А у них – сейчас. Тёплое, первовесеннее сейчас, в талом снеге, в грунтовых дорожках, в запахе свежих бинтов, в далёких пожарных сиренах и холодном ветре. В сумерках и лёгком табачном нагаре на пальцах. В румянце на коже. В блеске глаз. В улыбке, широкой и чистой. Пройдёт около двух десятков лет. И понурив плечи бывший солдат поздним вечером будет перебирать остатки старой, больной и потрёпанной памяти. И поглядывать на сухое, узкое запястье, где у большого пальца будет мелким шрифтом выбито коротко «Le të kalojmë te "ti"».

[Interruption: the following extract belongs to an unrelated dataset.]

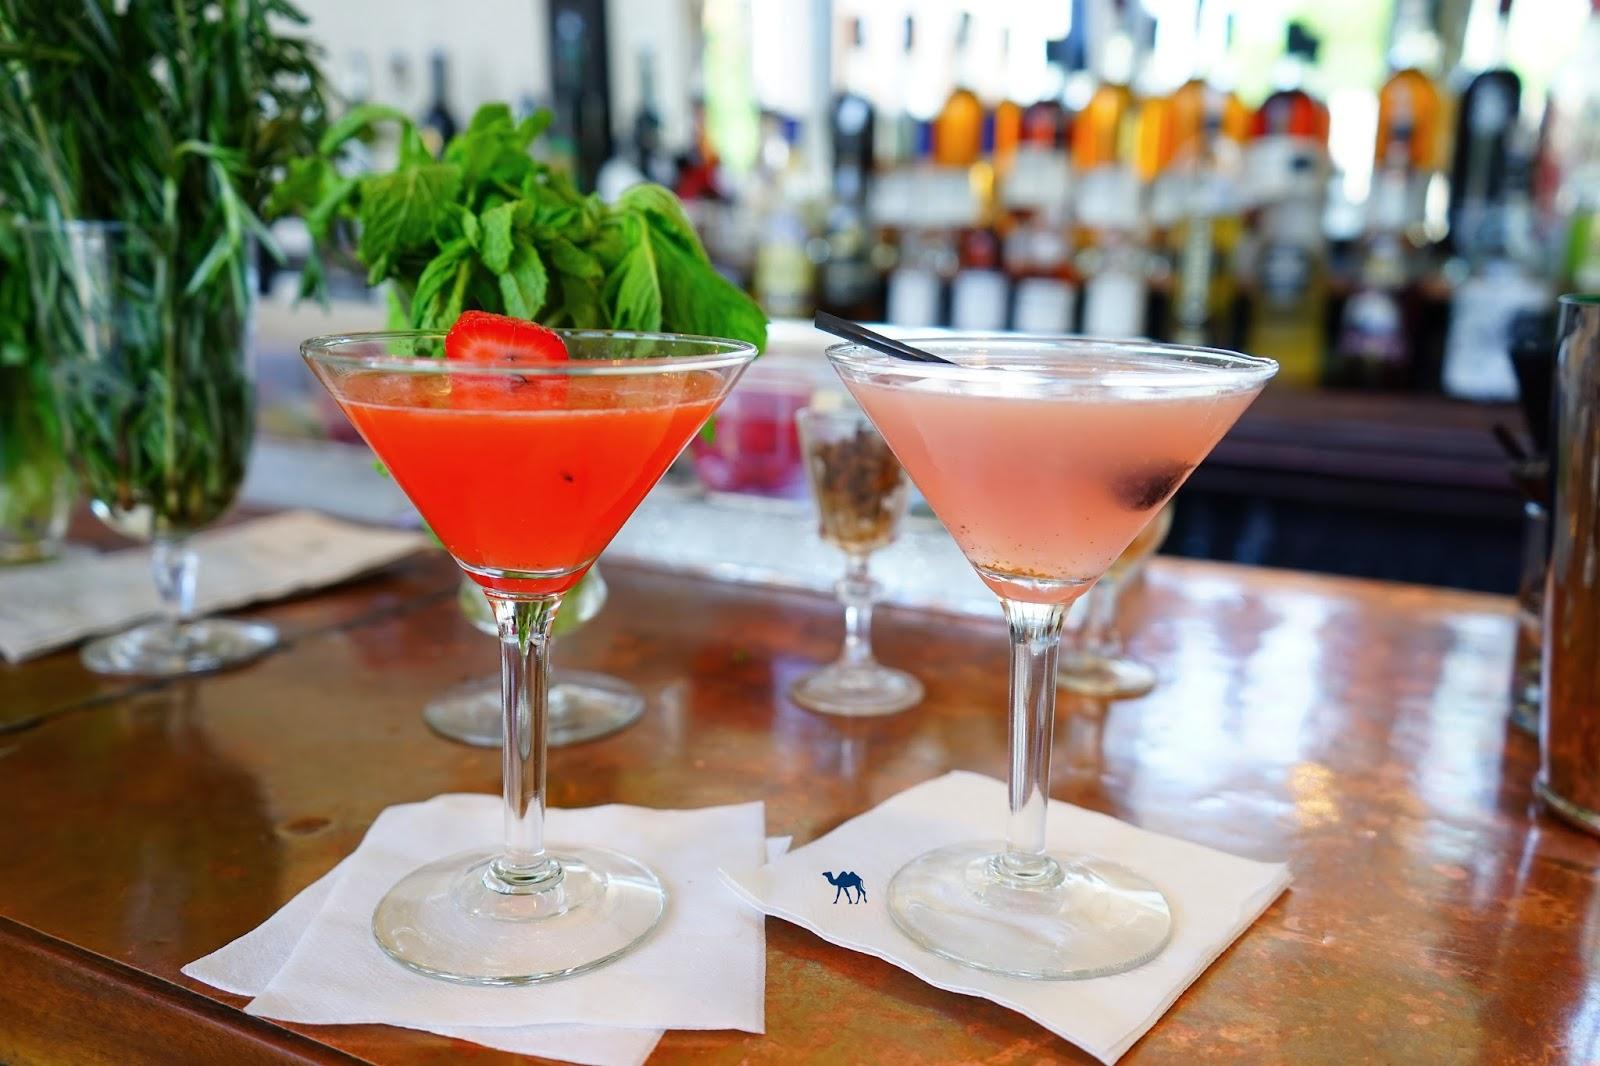 Le Chameau Bleu - Cocktails du botanica Bar à Red Hook  New York USA

А пока время стояло на отметке далёких девяностых. Он широко улыбался, без стеснения показывая неровные, но белые как мел, зубы. Она улыбалась ему в ответ и переминалась в нетерпении с пятки на носок. Им потребовалось без малого три недели, две его неудачные попытки, пара довольно неуклюжих фраз, чтобы всё наконец получилось. Обратный отсчёт их времени, которого было так ничтожно мало, пошёл ровно с того момента, как она несмело взяла его за руку. С тех самых пор Лазарь пропал. И в тоже время обрёл вдруг смысл. Во всей этой войне, в отъездах и возвращениях. Чужие прелести тоски по дому теперь стали родными и для него. Больше он не шутил насчёт девчачьих слёз и прочей «романтичной сладости», с которой когда-то играл в довольно злую иронию. Он стал понимать, что такое «я боюсь» и «я не могу». Людей держал не страх погибнуть, пострадать или без вести пропасть, угодив прямо под снаряд где-нибудь в проклятой глубинке. Людей держал страх потерять то ценное, что они носили с собой, как благословение. Погибнуть, потерять эту Божью метку и навсегда утратить покой, оставшись теми самыми призраками на проводах. Теперь этот страх поселился и внутри него. Глубоко засел так, чтобы никто не видел, не слышал и не подозревал. Но с каждым днём, приближающим его выписку и скорый отъезд обратно, ближе к фронту, Лазарь думал о том, как этот страх будет хватать его за глотку холодной лапой в самый трудный момент, когда не нужно будет думать, нельзя будет бояться, когда придётся воевать. Но она всегда была рядом всё это время, дарила такой покой, какого никогда он даже выдумать себе не мог. Саша чувствовала его тревогу, но каждый раз, ощущая глубокий укол подстёгивающего времени и убегающих с календаря дат, спокойно клала ладони поверх его ни говоря ни слова. Такой простой жест. Обыкновенное прикосновение. Мимолётный спокойный взгляд. Всё это возвращало уверенность. Уверенность через «на зло». Пройду. Выстою. Доживу. Приеду. Одному Богу известно, как бы извернулась судьба Лукича, не встреть он её на своём пути. Пережил бы он эти бои. Смог бы перенести финальную бомбёжку под Белградом, глохнув от треска разрывных снарядов. Сумел бы он пройти через всё это хладнокровно, один? Смог бы, если бы не она? 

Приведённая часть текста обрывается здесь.